This blog will discuss setting up a Highly available Jenkins using the open-source version.
Before getting into the high availability discussion, you first need to understand how Jenkins manages its data and the high-level architecture.
If you are not aware of the architecture, I highly suggest reading Jenkins architecture post.
Types of Jenkins HA Setup
There is no direct way of setting up Jenkins in High availability mode due to how Jenkins manages its data.
Jenkins manages its data in a flat-file (xml), and you can have only one instance of the master node that can read the Jenkins data.
Because of which, running multiple replicas of the Jenkins master in an active-active configuration (where all replicas are actively processing jobs) is not officially supported
For example, if you try to configure multiple master nodes with a shared volume, you will have inconsistent reads and writes that lead to unstable Jenkins.
There are two ways you can have Jenkins in HA mode.
- Jenkins active-actice/active-passive setup: Only enterprise Jenkins comes with a supported plugin to have this setup. But most organizations use open-source versions, and his option is out of scope. Also, there is an option with HAproxy, however, I think it’s a bit of administrative overhead.
- Jenkins HA setup in autoscaling Group: Having Jenkins in the autoscaling group is a workaround to have a highly available Jenkins. It is not a 100% HA solution; however, for any reason if your Jenkins server crasher, another instance will come up within a short period. This will work on both VM and Kubernetes based Jenkins setup
Jenkins HA Setup With Autoscaling Group
You can call this method a poor man’s solution for Jenkins HA. Because, when an instance goes down, there are a few minutes of downtime for another instance to come up (vm + java service startup time). But it works 🙂
This method will work on any private/public cloud platform with the option of autoscaling.

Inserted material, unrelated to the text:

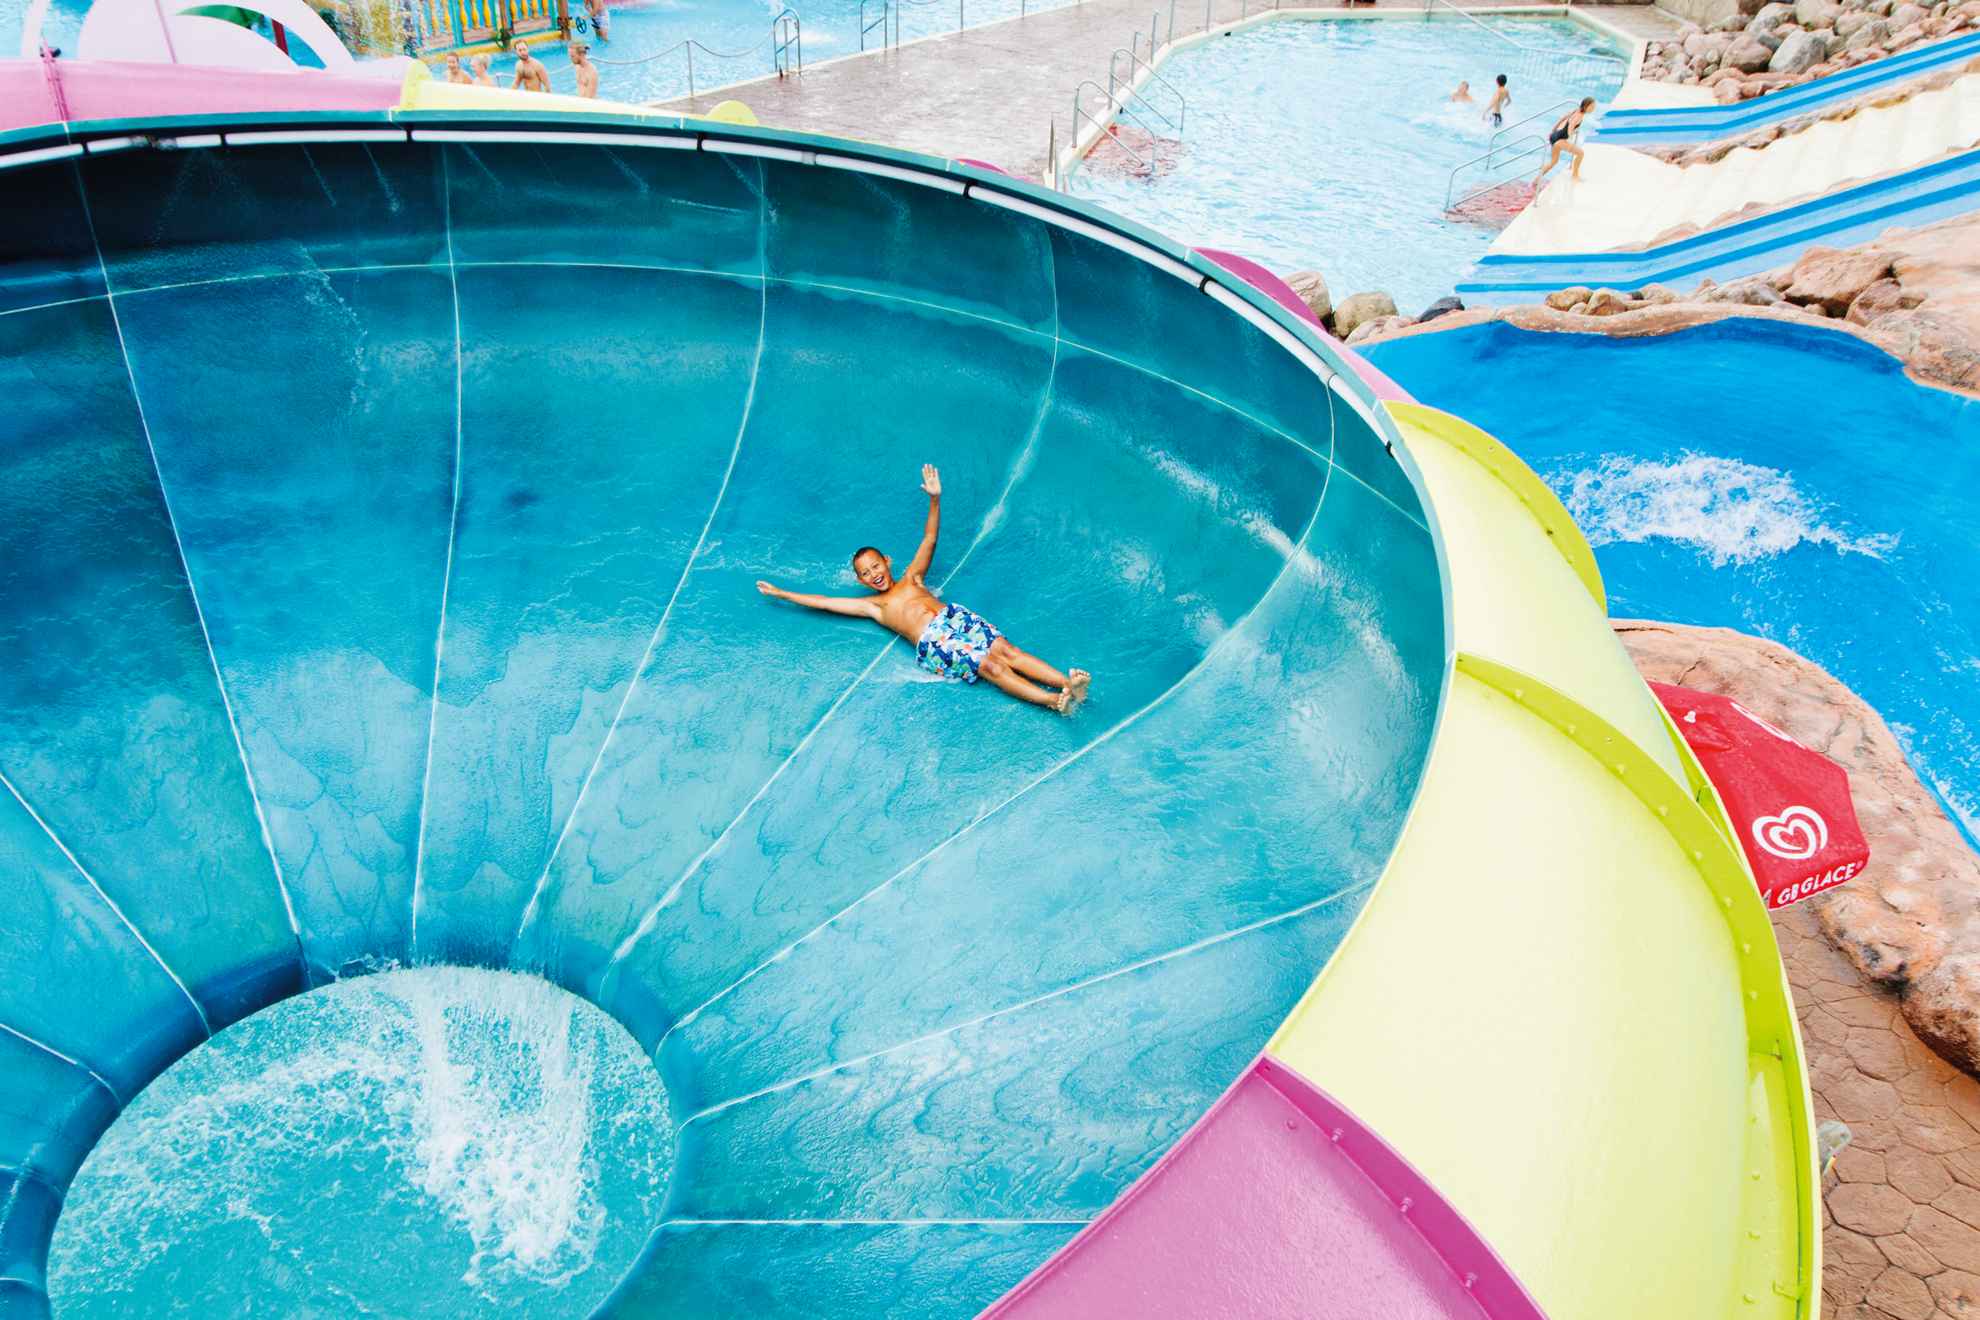 Young boy riding a colorful water slide at Skara Sommarland with the pool area in the background

This method is similar to deploying Jenkins on Kubernetes, where if the Jenkins pod goes down, another pod will come up with the same data.
Instead of a pod, it’s a VM., so the startup time takes more time than spinning up a new pod.
Let’s look at the high-level architecture of the Jenkins HA setup using an autoscaling group.
Here the concept is pretty simple.
- Jenkins is deployed in an autoscaling group with min and max one count. It ensures we have only one instance of Jenkins running all the time.
- Then, we have a dedicated external disk to hold the Jenkins data. It could be a separate volume or an NFS share. The autoscaling image startup script (AMI user data) gracefully attaches this disk when it comes up.
- If the active Jenkins instance goes down, the autoscaling policies will bring up another instance while terminative the inactive one. In this process, the data disk gets detached from the terminating instance gracefully (in AWS using lifecycle hooks) and gets attached to the new instance, preserving the previous Jenkins state and data.
- All the existing jobs will fail during downtime or continue when a new instance comes up.
This setup also makes the upgrade and patching process so easy.
HA Setup on Kubernetes
When deployed in Kubernetes, It should be deployed via StatefulSet. Also, wee need to keep the StatefulSet replica as one and the Jenkins data directory should be mounted to the a Persistent Volume to store Jenkins data (e.g., job history, plugins, configurations).
This ensures data persists even if the Jenkins master pod is rescheduled or restarted.
Horizontal Scaling For Agents
A good news is, you can scale Jenkins agents horizontally.
There are several ways to scale Jenkins agents. In this method, the agents are dynamically provisioned and terminated once the build is completed.
For example,
- Scaling Agents with Kubernetes pods
- Scaling Agents with Docker
- Scaling Agents with ec2 instances.
Jenkins HA Setup
If you want to try this setup on the AWS cloud, you can use my Documentation.
I have documented the whole setup for AWS here -> Jenkins HA Setup Using AWS Autoscaling Group
The IaC code for the setup is present in the DevOps Projects Githup Repo
https://github.com/techiescamp/devops-projects
Do try out this setup and see if it works for you.
Also, you should backup jenkins data periodically using plugins and disk snapshots. You can easily restore a working version if you have all the data backup.
If you are new to Jenkins, check out our Jenkins tutorial for beginners.
2 comments
Do we need to manually rerun the jobs which got terminated
Ideally the job should start automatically.